Fig. 1 (a to c) show the results of Bayesian clustering (BC) performed on tumour and adjacent healthy-looking tissue in datasets D1-D3. The cluster analysis results in data separation into several distinct coloured bands across the tumours from each dataset.
Bayesian clustering (BC) for the selected list of genes for the 3 GEO array-based datasets. BC orders the genes according to their importance in discriminating between tissue types. Each row represents the methylation levels of the considered genes for the same tissue, while each columns represents the methylation levels of many tissues for the same gene. Darker shades on the heatmaps indicate higher methylation levels, while the right-hand side vertical bar indicates the tumour tissues in dark-blue and the normal-looking adjacent tissues in white. a) Dataset D1 b) Dataset D2 c) Dataset D3. All heatmaps contain the same ratio of tumours to healthy adjacent tissues. d) Frequency of indicative CIMP-status, calculated from the Illumina array-based data as indicated in Materials and Methods, for tissue clusters obtained by Bayesian Clustering on D1, D2, D3.
Summary of datasets D1, D2 and D3, containing locus-specific methylation data for colon cancer and adjacent healthy looking tissues, obtained with the array-based platform Illumina Infinium HumanMethylation27 (HM27).
D1 | D2 | D3 | |
---|---|---|---|
GEO ID | GSE25062 | GSE29490 | GSE27130 |
Origin | Fresh-frozen surgically removed colonic specimens, Groene Hart Hospital, Gouda, The Netherlands or the Ontario Tumor Bank Network (The Ontario Institute for Cancer Research, Ontario, Canada). | Fresh-frozen surgically removed colonic specimens, Department of Pathology, Bangabandhu Sheikh Mujib Medical University (BSMMU), Dhaka, Bangladesh. | Fresh-frozen colonic specimens from patients treated at Samsung Med- ical Center (Seoul, Korea). |
DNA extraction method | TRIzol Reagent (Invitrogen) | Puregene Core kit (Qiagen) | DNeasy Tissue kit (Qiagen) |
Cell lines | 0 | 0 | 12 |
Tumours | 125 | 24 | 118 |
Adjacent tissue | 29 | 24 | 118 |
No. loci selected for clustering | 48 | 24 | 43 |
Clustering for Dataset 3 (all 118 adjacent healthy tissue samples included). Bayesian Clustering (BC) performed on D3 with all 118 available adjacent samples included. Comparing sample content of clusters with those from Fig. 1c (subset of adjacent healthy tissue samples only included), the overlap in c1 is about 70% and, for c2 and c3 taken together - about 80%. Both c2 and c3 correspond to intermediary methylated tissues and the boundary between these clusters is very fuzzy, as they swap samples from Fig 1c to this figure.
For a better understanding of the composition of the obtained clusters, indicative (ind-) CIMP-status (see Materials and Methods) has been calculated for each of the tumour tissues and Figure 1 (d) gives the frequency of the obtained ind-CIMP-status across the four tissue clusters in the three datasets. Although ind-CIMP-status is only indicative, the figure shows that most of the ind-CIMP-high tissues are found in c1 for the three data sets and that for the two larger datasets D1 and D3 most the ind-CIMP-low tissues are found in c2. In D3, c3 contains a larger proportion of ind-CIMP-low tumour tissues than for D1, suggesting that this c3 in D3 and c3 in D1 contain tumours with some differences in their molecular characteristics.

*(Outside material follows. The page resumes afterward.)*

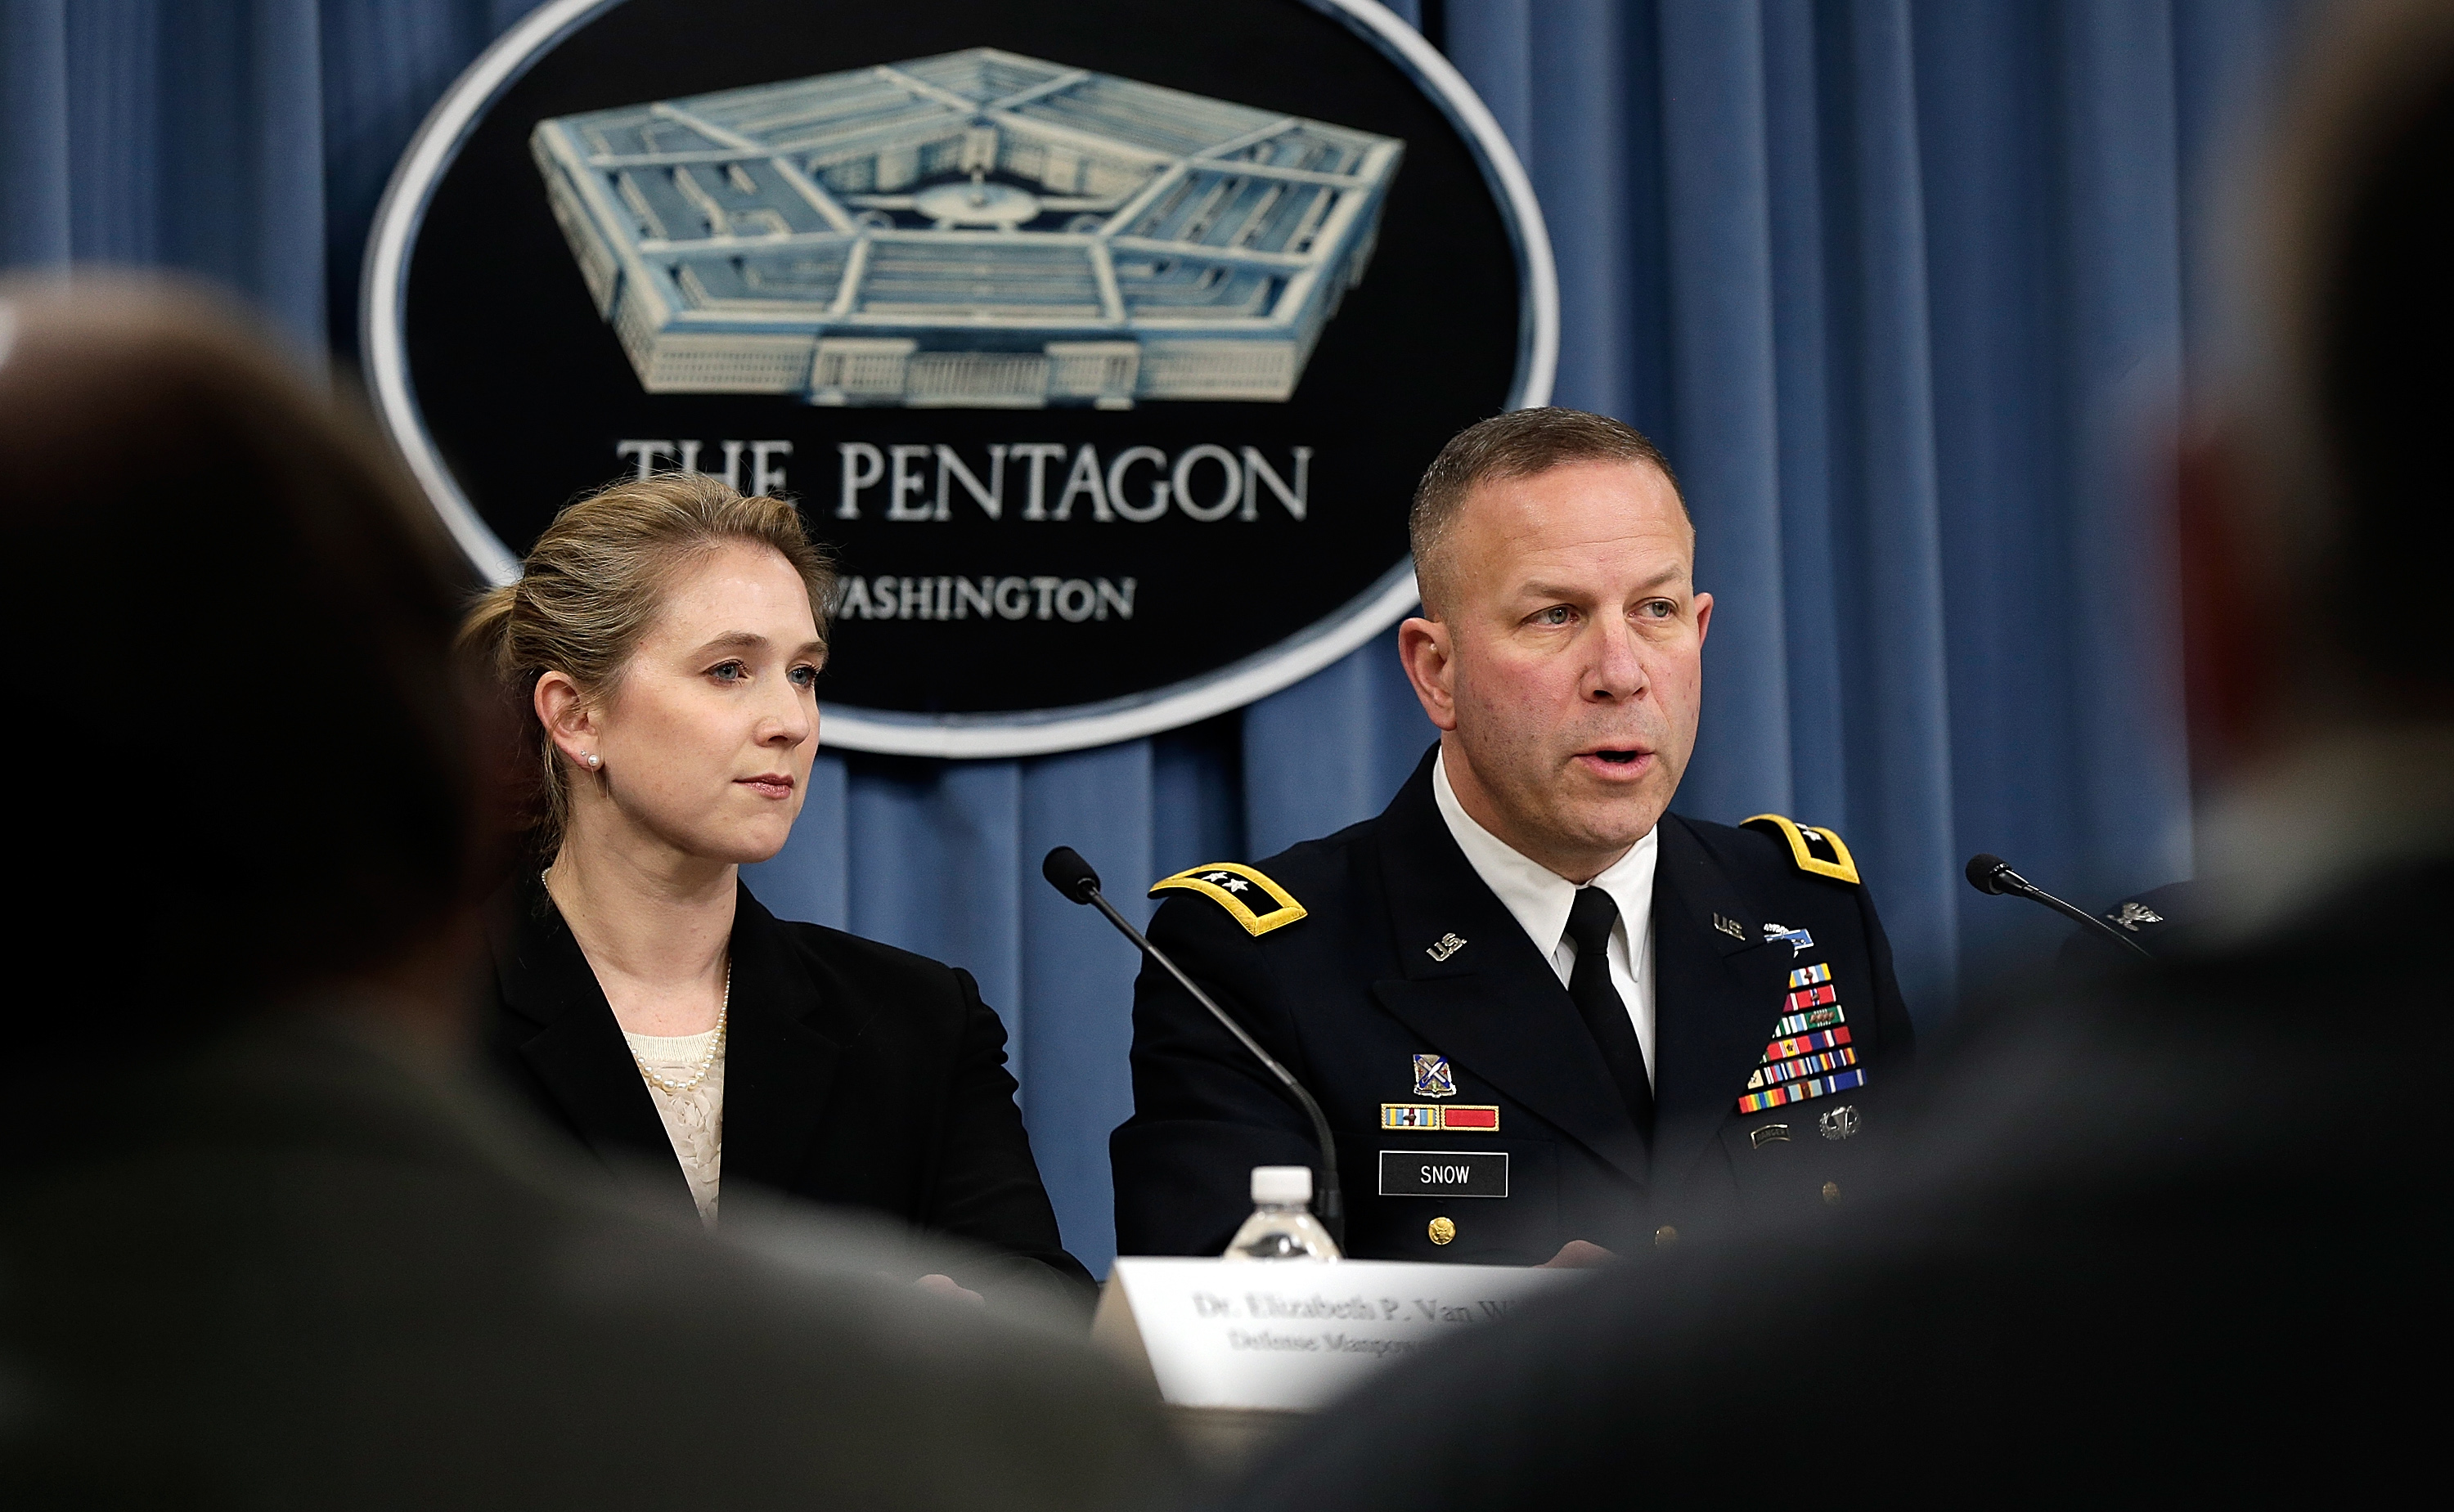 ARLINGTON, VA - JANUARY 10: Army Maj. Gen. Jeffrey Snow (R), director of the Pentagon's Sexual Assault Prevention and Response Office, joins other senior leaders in a press conference at the Pentagon on sexual assaults in the military January 10, 2014 in Arlington, Virginia. From left to right are Dr. Elizabeth Van Winkle and U.S. Army Maj. Gen. Jeffrey Snow. (Win McNamee/Getty Images)

For ease of illustration and comparison of relative sizes of tumour tissue clusters in the three datasets, the ratio of tumours to adjacent tissues is kept constant for the three datasets. To facilitate this, a random sample only of 10 and 24 adjacent healthy tissues from D2 and D3, respectively, is actually shown in Fig.1 (b and c), and also in Figs.4 and 5. The clustering, obtained using all 118 adjacent healthy tissue samples from D3 is provided in Fig. 2, to give an overall view. To assess if sampling affected the D3 cluster profile obtained, two-way bootstrapping was performed, using a modified version of the pvclust R package, (described in more detail in the Supplementary Material provided).
Clustering indicates two main types of genes, based on both intensity and frequency of methyltion across all tissues.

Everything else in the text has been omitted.